→ Input data:
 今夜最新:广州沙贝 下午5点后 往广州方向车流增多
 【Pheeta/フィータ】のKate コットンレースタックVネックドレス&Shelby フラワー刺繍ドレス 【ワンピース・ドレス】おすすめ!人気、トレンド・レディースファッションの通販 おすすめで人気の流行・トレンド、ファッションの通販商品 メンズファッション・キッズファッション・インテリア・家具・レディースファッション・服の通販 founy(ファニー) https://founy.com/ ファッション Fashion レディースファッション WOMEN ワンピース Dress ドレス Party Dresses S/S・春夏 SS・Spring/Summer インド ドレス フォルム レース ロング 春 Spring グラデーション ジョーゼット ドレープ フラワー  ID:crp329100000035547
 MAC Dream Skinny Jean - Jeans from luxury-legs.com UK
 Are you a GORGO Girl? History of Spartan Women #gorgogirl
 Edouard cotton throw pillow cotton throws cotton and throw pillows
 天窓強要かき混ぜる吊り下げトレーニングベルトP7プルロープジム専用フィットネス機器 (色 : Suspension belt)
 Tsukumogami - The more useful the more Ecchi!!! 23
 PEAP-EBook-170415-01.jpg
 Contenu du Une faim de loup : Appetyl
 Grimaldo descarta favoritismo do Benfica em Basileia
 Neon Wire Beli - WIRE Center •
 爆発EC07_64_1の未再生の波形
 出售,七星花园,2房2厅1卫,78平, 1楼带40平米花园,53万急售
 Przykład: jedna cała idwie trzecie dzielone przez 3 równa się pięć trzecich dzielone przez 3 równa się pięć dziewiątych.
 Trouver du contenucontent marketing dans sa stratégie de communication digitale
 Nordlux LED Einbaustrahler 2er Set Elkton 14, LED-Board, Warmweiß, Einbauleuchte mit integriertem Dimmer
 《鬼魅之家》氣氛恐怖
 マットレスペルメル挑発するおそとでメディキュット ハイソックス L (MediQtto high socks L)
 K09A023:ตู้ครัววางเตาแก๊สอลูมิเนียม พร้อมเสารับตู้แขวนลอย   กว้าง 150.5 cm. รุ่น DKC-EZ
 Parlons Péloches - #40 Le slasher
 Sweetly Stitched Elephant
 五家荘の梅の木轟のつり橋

→ Work order:
Please copy the material above without changing a single word.

→ Result of the task:
 今夜最新:广州沙贝 下午5点后 往广州方向车流增多
 【Pheeta/フィータ】のKate コットンレースタックVネックドレス&Shelby フラワー刺繍ドレス 【ワンピース・ドレス】おすすめ!人気、トレンド・レディースファッションの通販 おすすめで人気の流行・トレンド、ファッションの通販商品 メンズファッション・キッズファッション・インテリア・家具・レディースファッション・服の通販 founy(ファニー) https://founy.com/ ファッション Fashion レディースファッション WOMEN ワンピース Dress ドレス Party Dresses S/S・春夏 SS・Spring/Summer インド ドレス フォルム レース ロング 春 Spring グラデーション ジョーゼット ドレープ フラワー  ID:crp329100000035547
 MAC Dream Skinny Jean - Jeans from luxury-legs.com UK
 Are you a GORGO Girl? History of Spartan Women #gorgogirl
 Edouard cotton throw pillow cotton throws cotton and throw pillows
 天窓強要かき混ぜる吊り下げトレーニングベルトP7プルロープジム専用フィットネス機器 (色 : Suspension belt)
 Tsukumogami - The more useful the more Ecchi!!! 23
 PEAP-EBook-170415-01.jpg
 Contenu du Une faim de loup : Appetyl
 Grimaldo descarta favoritismo do Benfica em Basileia
 Neon Wire Beli - WIRE Center •
 爆発EC07_64_1の未再生の波形
 出售,七星花园,2房2厅1卫,78平, 1楼带40平米花园,53万急售
 Przykład: jedna cała idwie trzecie dzielone przez 3 równa się pięć trzecich dzielone przez 3 równa się pięć dziewiątych.
 Trouver du contenucontent marketing dans sa stratégie de communication digitale
 Nordlux LED Einbaustrahler 2er Set Elkton 14, LED-Board, Warmweiß, Einbauleuchte mit integriertem Dimmer
 《鬼魅之家》氣氛恐怖
 マットレスペルメル挑発するおそとでメディキュット ハイソックス L (MediQtto high socks L)
 K09A023:ตู้ครัววางเตาแก๊สอลูมิเนียม พร้อมเสารับตู้แขวนลอย   กว้าง 150.5 cm. รุ่น DKC-EZ
 Parlons Péloches - #40 Le slasher
 Sweetly Stitched Elephant
 五家荘の梅の木轟のつり橋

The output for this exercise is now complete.